Даже в своем преклонном возрасте Марфа казалась сильной, с прямой гордой посадкой головы, которую не согнули и не опустили ни тяжелая работа, ни голод, ни война.
           Старуха вышла в сад, нарвала с клумбы, заботливо посаженные весной лимонные астры. Поставила цветы в воду и накрыла на стол.  Пригубила немного рябиновой настойки. Гостей она не звала.
          Сегодня ночью ей снова снилась война. Сколько лет, а все снится, проклятущая. Один и тот же сон, от которого всю жизнь просыпалась в холодном поту с колотящимся сердцем.
         Сегодня она  видела мать, как живую. Марфа присела у печи и, прислонившись е ней, закрыла глаза, попыталась отвлечься, воспоминания не отпускали, и сегодня особенно бередили душу. 
- Донюшка, чтой-то худо мне совсем, видать недолго осталось. Боюсь за тебя.
- Что вы такое говорите, мама? Я травки сейчас за речкой соберу, отвар сделаю, полегчает. А пока отдохните.
- Не ходи к речке. Бабка Матрена вчерась сказывала, что солдат немецких в деревне расселили. До нашего хутора еще не дошли, но могут набрести…,- Мария зашлась в глухом затяжном кашле и бессильно откинулась на пуховую подушку, - завидишь  солдат, прячься. В омшанике отец до войны погреб хотел рыть, но не успел. Я досками закидала яму, а сверху кадку поставила…Обо мне не тревожься, я там уж одной ногой.
- Матушка…
- Иди, Марфа, посплю немного. Сил совсем нет.
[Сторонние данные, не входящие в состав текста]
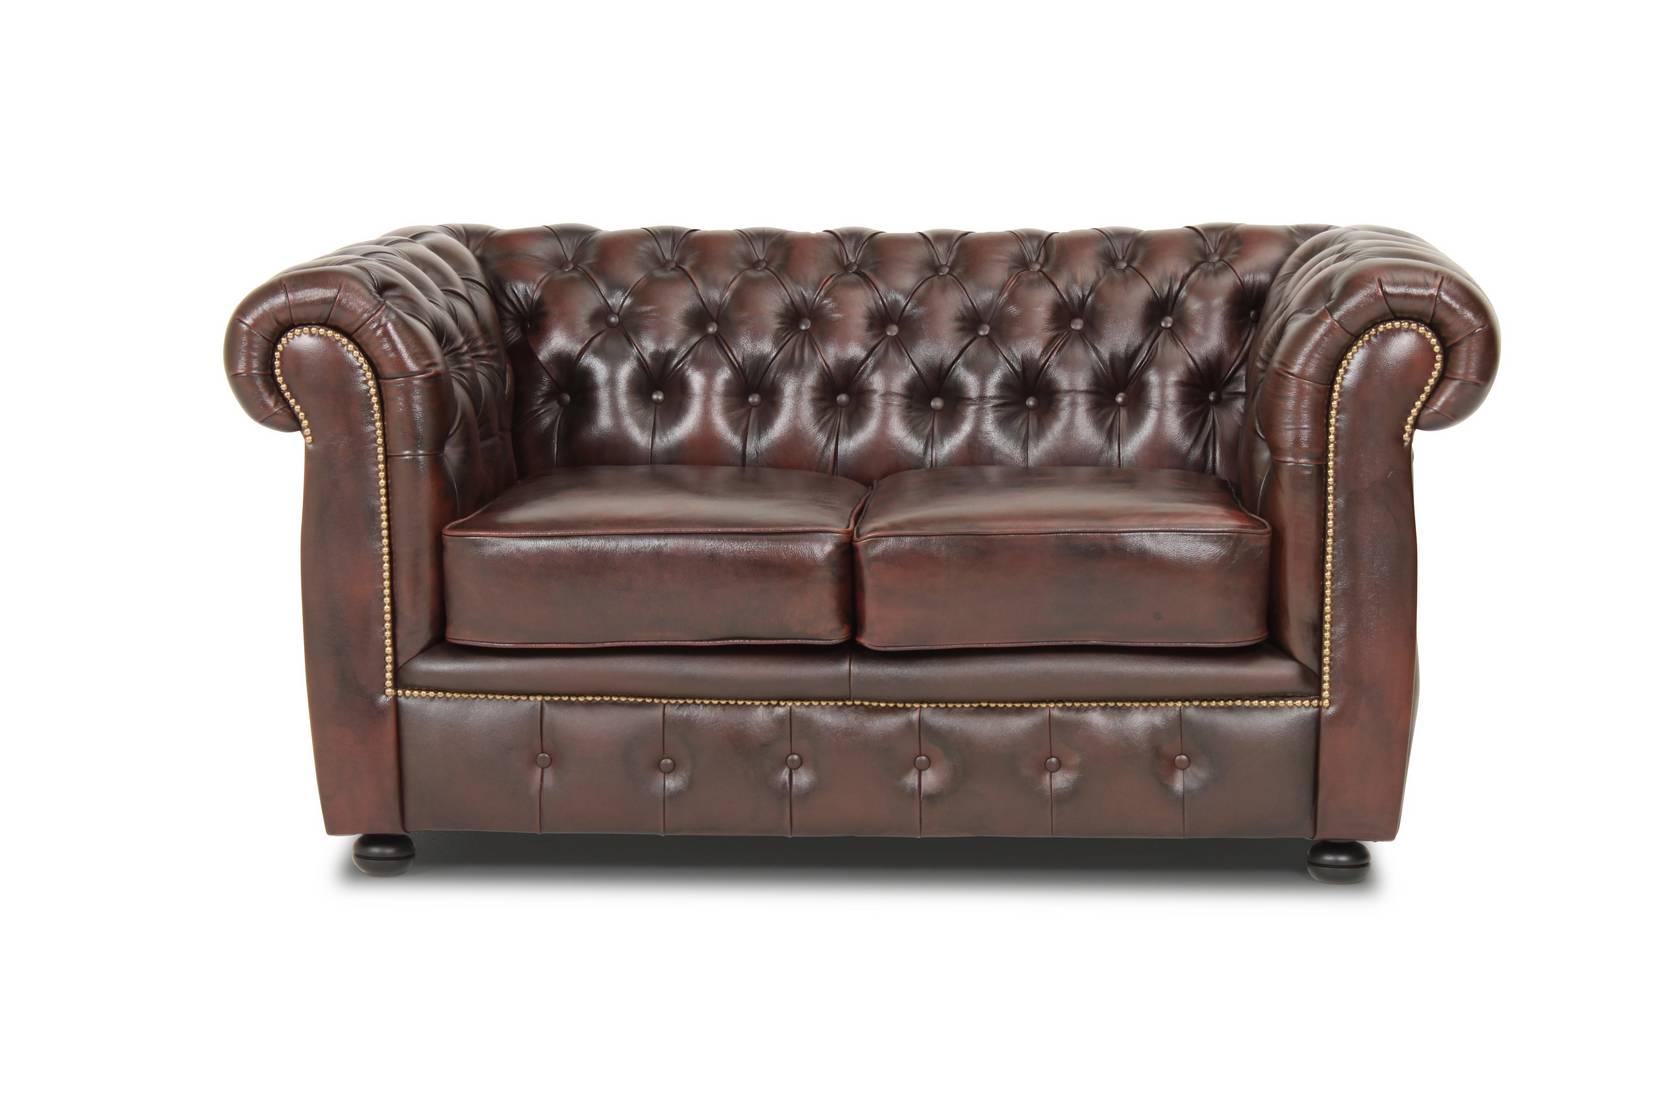 Chesterfield London -sohva, 2:n istuttava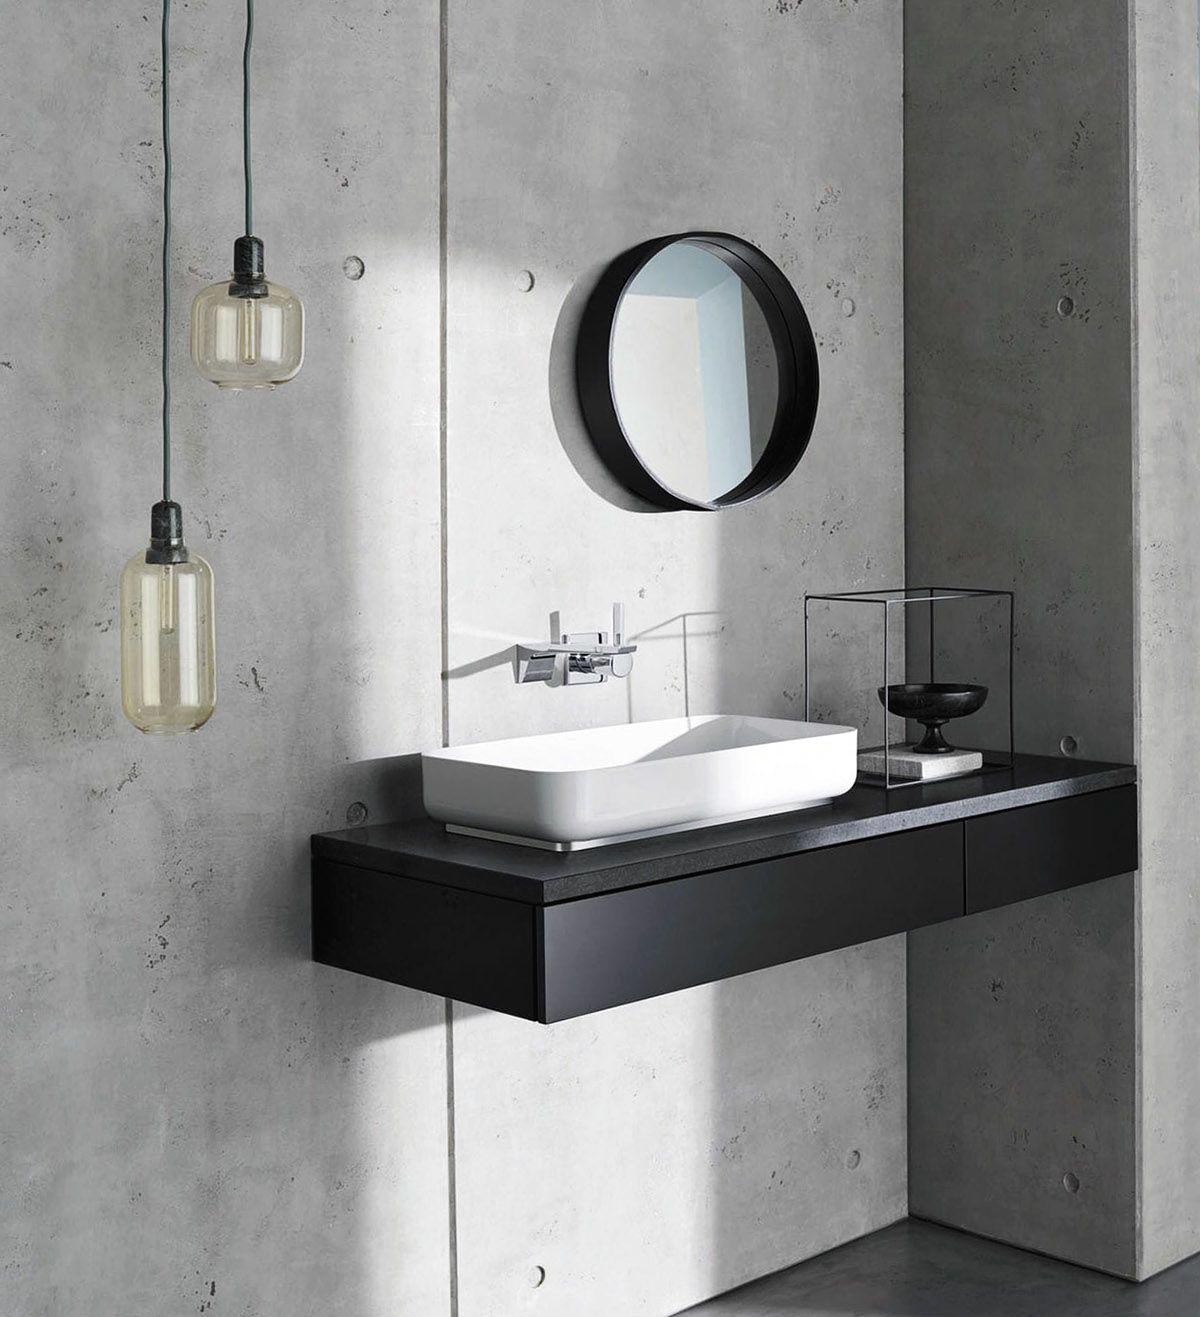 Bagni moderni di design. Il piacere del lusso | LOVEThESIGN

Девушка бережно укрыла мать лоскутным одеялом.
-  Поспите, я козу подою, я потом молочка теплого нацежу.
- Ступай, милая, - Мария, кутаясь в одеяло, смотрела дочери вслед. Высокая, статная, с темно-русой косой, высокой грудью. Красивая, вся в нее, только не ко времени расцвела, в лихую годину…    
Марфа тихонько вышла во двор. В сарае заблеяла  коза Зойка.
- Потерпи, моя хорошая, сейчас подою.
Девушка положила в кормушку свежескошенной травы. Утром покосила немного у опушки. Козу она давно не выпускала, берегла кормилицу. С тех пор, как в Выселки пришли немцы, живности почти не осталось. Их хутор был в пяти километрах  от деревни.  Бабка Матрена, приходившая иногда навещать мать, рассказала, что у нее фашисты  всех кур порубили. 
Марфа вздохнула. Ее отец до войны был пасечником, ушел на фронт, а через два месяца они с матерью получили похоронку. Весной мать полоскала на речке белье, да провалилась под лед, застудилась сильно и теперь гаснет, как свеча. Ничего не помогает, ни отвары трав, ни сок черной редьки на меду.
          Девушка набрала чистой воды в подойник, взяла полотенце и пошла доить козу.
         Тугие струйки молока звонко лились в ведерко, когда девушка услышала за спиной мужской хохот. От неожиданности Марфа вскочила и опрокинула ведро с молоком, коза Зойка заблеяла и метнулась к кормушке. Молодой фашист, нагло усмехаясь подошел к Марфе, что –то,  тараторя по-немецки. Потом схватил ее за косу и повалил на сено. Марфа сопротивлялась, но немец был сильным и крепким. Он ударил ее кулаком  по голове, в глазах девушки все помутнело. Очнулась Марфа от резкой боли, пронзившей ее. Потные руки противно скользили по ее упругой девичьей груди. Она задыхалась под  тяжестью его молодого ненасытного тела и от сознания своего бессилия.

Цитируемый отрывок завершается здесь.